Einige Gesundheitsexperten gehen allerdings davon aus, dass dieser Zeitraum ausgeweitet werden könnte. Der Premier bezeichnete die Gesundheitskrise als Pandemie, noch bevor der Ausbruch des Virus Covid-19 offiziell von der Weltgesundheitsorganisation dazu erklärt wurde. Trotz der drastischen Maßnahmen soll die israelische Wirtschaft geschützt werden. »Wir arbeiten verantwortungsbewusst, ruhig und mit der vollen Unterstützung aller Bereiche«, beteuerte der Premier.

ISOLIERUNG Die Lage in Israel sei unter Kontrolle und werde weltweit am besten gehandhabt. Am Donnerstag waren 100 Fälle bestätigt, vier sind nach einer Infektion wieder gesund geworden. Zehntausende befinden sich in Isolierung in den eigenen Wohnungen. Die Einhaltung der Heimquarantäne wird durch eine Sondereinheit aus Beamten der Polizei und des Gesundheitsministeriums stärker überwacht. Fahrlässiges Brechen der Quarantäne kann mit bis zu drei Jahren Gefängnis bestraft werden, mutwilliges sogar mit bis zu sieben.

Viele Hotels mussten schließen, Mitarbeiter verlieren ihre Jobs.

Netanjahu rief die Öffentlichkeit dazu auf, »Fake News zu ignorieren und nur auf die offiziellen Berichte des Gesundheitsministeriums und anderer Behörden zu hören«. Das Ministerium für öffentliche Sicherheit sei angewiesen, dafür zu sorgen, dass es zu keiner Panik kommt. Die Maßnahmen seien »kein Witz und auch nicht optional«, richtete sich Netanjahu an die Israelis: »Alle Hygienemaßnahmen verhindern oder verzögern die Verbreitung des Virus. Bitte seien Sie strikt!«

Währenddessen zeigen sich auch hierzulande langsam leere Regale in den Supermärkten, vor allem bei Sanitärartikeln und lange haltbaren Lebensmitteln, weil immer mehr Leute Hamsterkäufe tätigen. Die Regierung rät vom Horten ab. »Fast das gesamte Essen kommt auf dem Seeweg. Es gibt ausreichend Lebensmittel, und es wird auch in Zukunft mehr als genug geben«, machte Netanjahu klar.

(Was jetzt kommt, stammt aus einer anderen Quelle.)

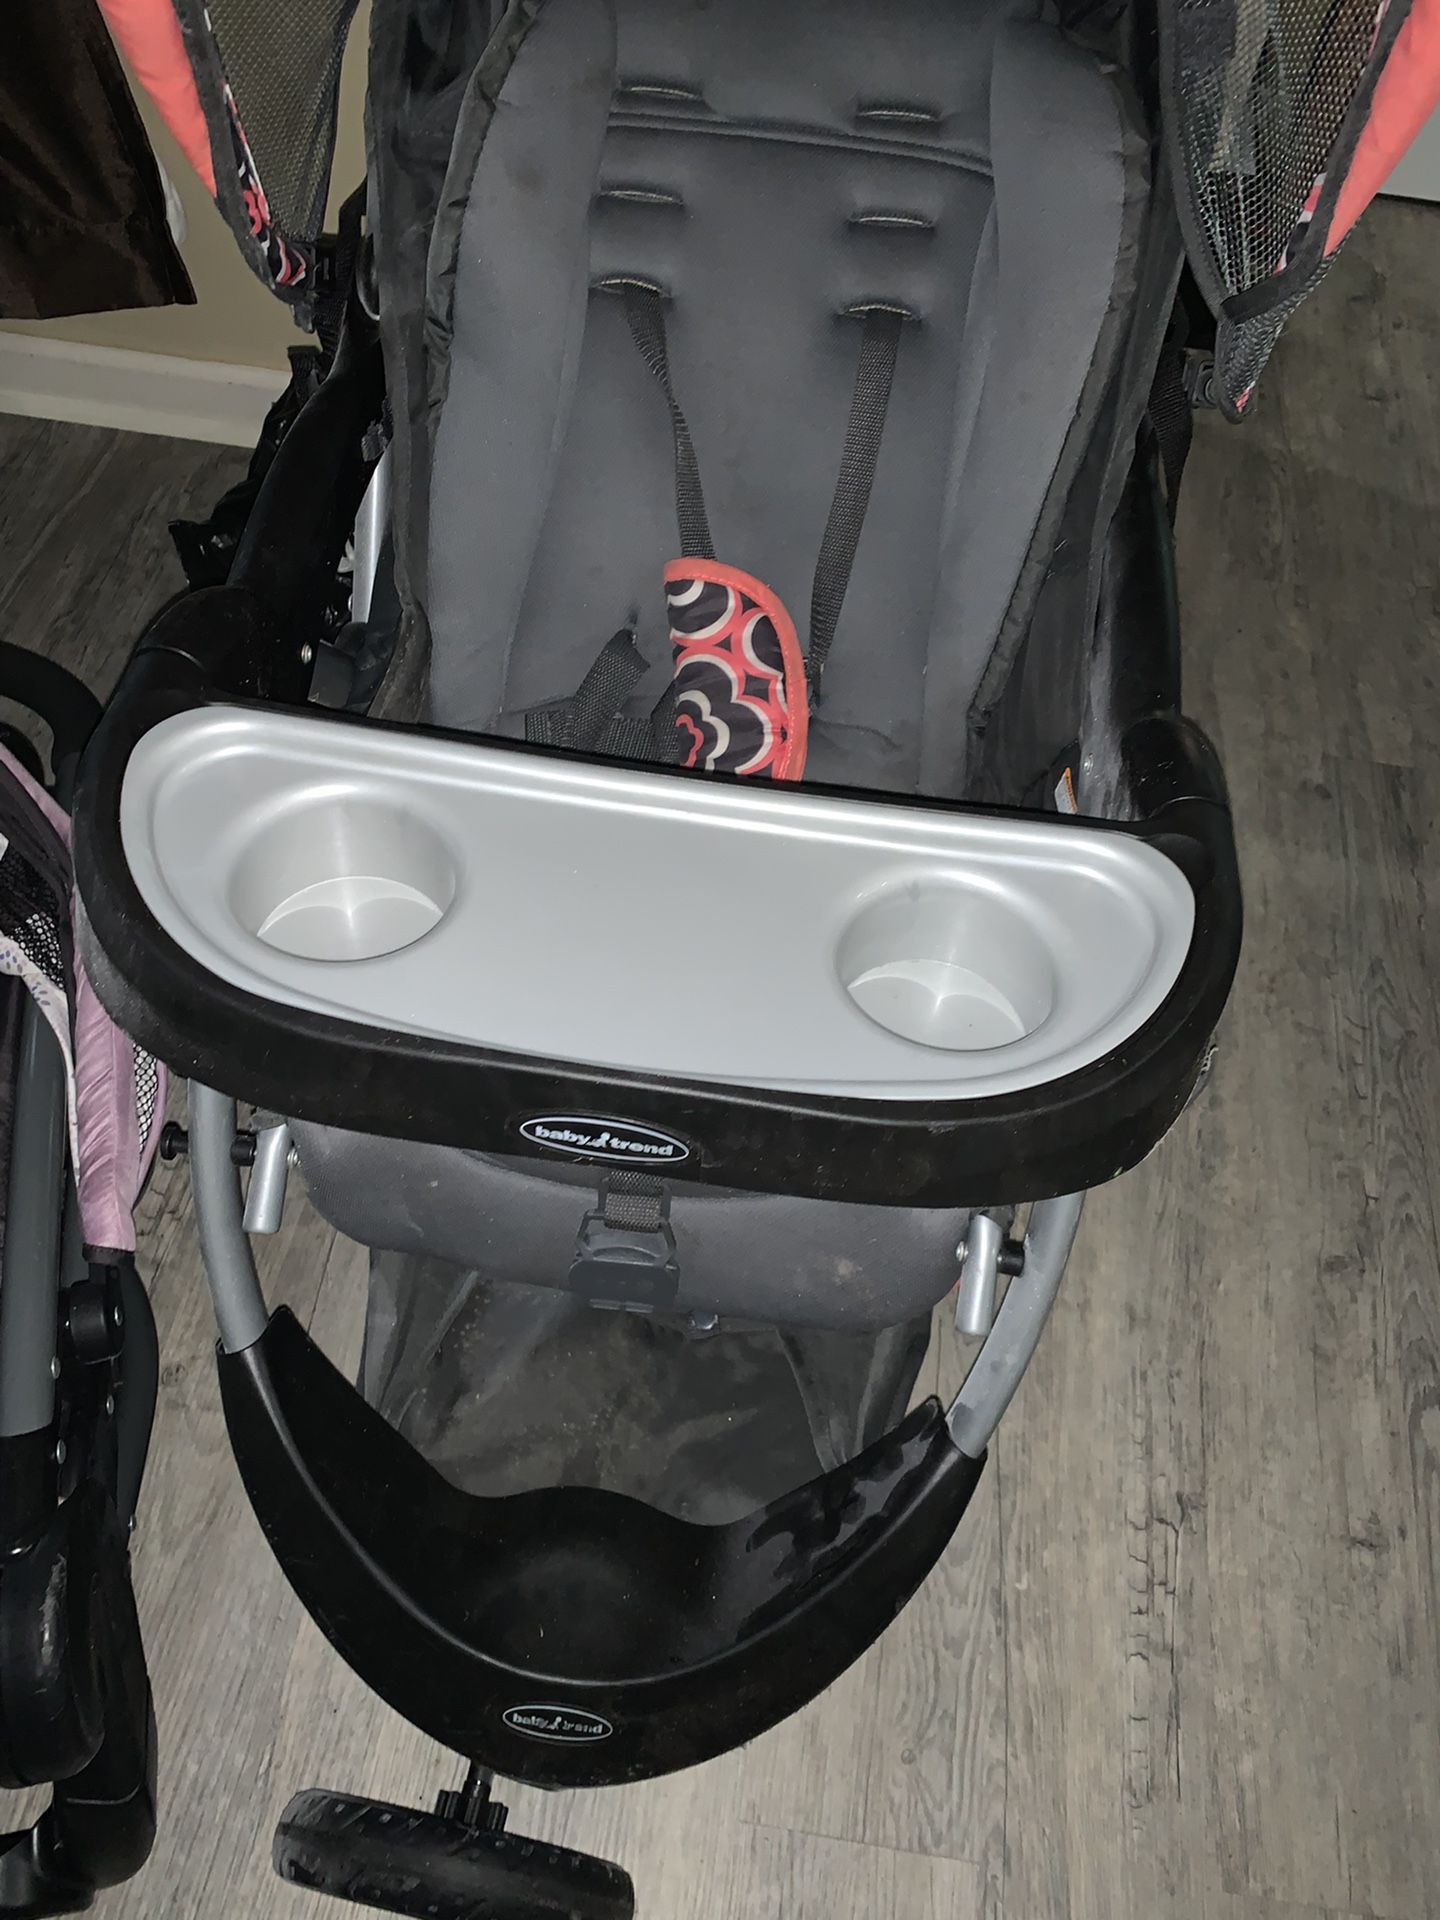 Baby trend strollers Free

Auf den Straßen herrschte trotz Purim relative Leere. Großveranstaltungen mit mehr als 2000 Teilnehmern wie die Adloyada in Holon, bei der jährlich Hunderttausende die Straßen säumen, wurden abgesagt. Am Dienstag schloss sich auch Bürgermeister Mosche Leon in Jerusalem an und teilte den Städtern »schweren Herzens mit, dass alle öffentlichen Purimfeiern in diesem Jahr ausfallen müssen«.

ARBEITSAMT Internationale Touristen sind praktisch über Nacht aus dem Land verschwunden. Es gibt so gut wie keine Besucher mehr an den Stränden, Ausgrabungsstätten und Sehenswürdigkeiten. Die Abflughalle im Ben-Gurion-Flughafen ist verwaist. Ein Hotel nach dem anderen schließt seine Pforten, es gibt niemanden mehr, der noch zu bewirten wäre.

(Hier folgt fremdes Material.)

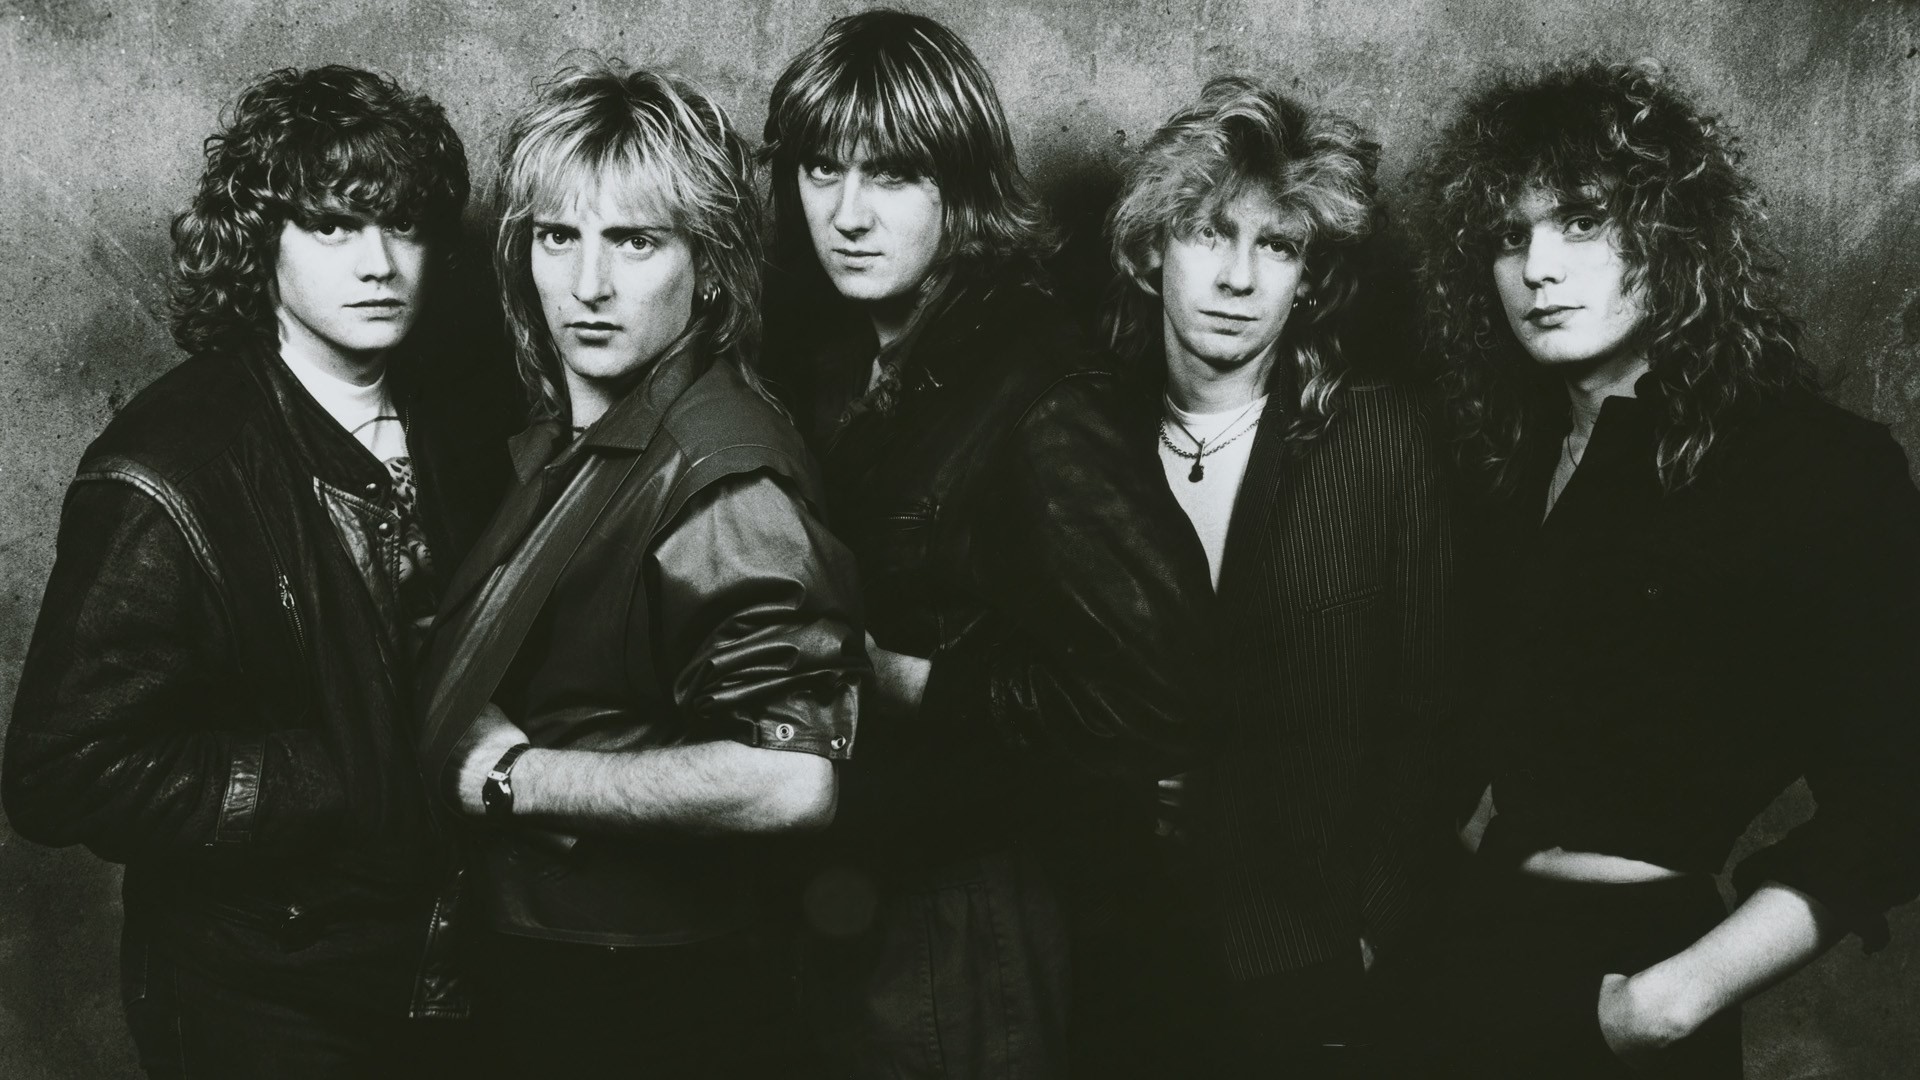 1920x1080  px Full size def leppard image by Chancey Blare for :  pocketfullofgrace.com

Gabriel S. hat seinen Job am Montag verloren. Er war als Elektriker bei einer großen Hotelkette angestellt, die in verschiedenen Städten im Land Häuser betreibt. »Noch vor einem Monat haben wir immer mehr Leute eingestellt, weil der Tourismus boomte. Die Gäste kamen aus der ganzen Welt, und wir hatten nie genug Arbeiter. Ich musste zum Teil Zwölf-Stunden-Schichten machen.« Doch von einem Tag auf den anderen sei damit Schluss gewesen.

»Wir konnten es kaum glauben, aber tatsächlich blieben die Leute langsam aus. Dann reisten plötzlich alle ab, und niemand kam mehr an. Gestern hat mein Chef das Hotel zugeschlossen. So richtig zu, mit einem Schlüssel. Und ich muss jetzt aufs Arbeitsamt.« Wann er seine Arbeit wiederbekommen kann – und ob überhaupt –, das weiß Gabriel nicht.

VERSORGUNG Am Dienstag gab das Gesundheitsministerium bekannt, dass eine Gruppe deutscher Touristen ausgiebig durch das Land reiste und erst nach der Rückkehr in die Heimat mit dem Virus Covid-19 diagnostiziert wurde. Die Behörde gab die grobe Liste der Stopps der Gruppe bekannt. Darunter sind Einkaufszentren, Supermärkte, Restaurants, Cafés, Synagogen, Krankenhäuser, Theater, Sehenswürdigkeiten und sogar Wahlstationen in Jerusalem, Tel Aviv, Rechowot, Maale Adumim, Beer Sheva, Bnei Brak, Raanana, Kfar Saba und in der Region um das Tote Meer.

Eine der neuen Sicherheitsvorkehrungen der Regierung ist die Desinfektion öffentlicher Einrichtungen. Außerdem sind Luftwaffe und Fluggesellschaften beauftragt, in jeder Situation die notwendige Versorgungskette für die Wirtschaft aufrechtzuerhalten. Kranke und Gesunde werden strikt voneinander getrennt. Des Weiteren sollten ab Mittwoch »die Zahlen jener, die getestet werden, stark erhöht werden und die Tests leichter zugänglich sein«, heißt es aus dem Büro des Premiers.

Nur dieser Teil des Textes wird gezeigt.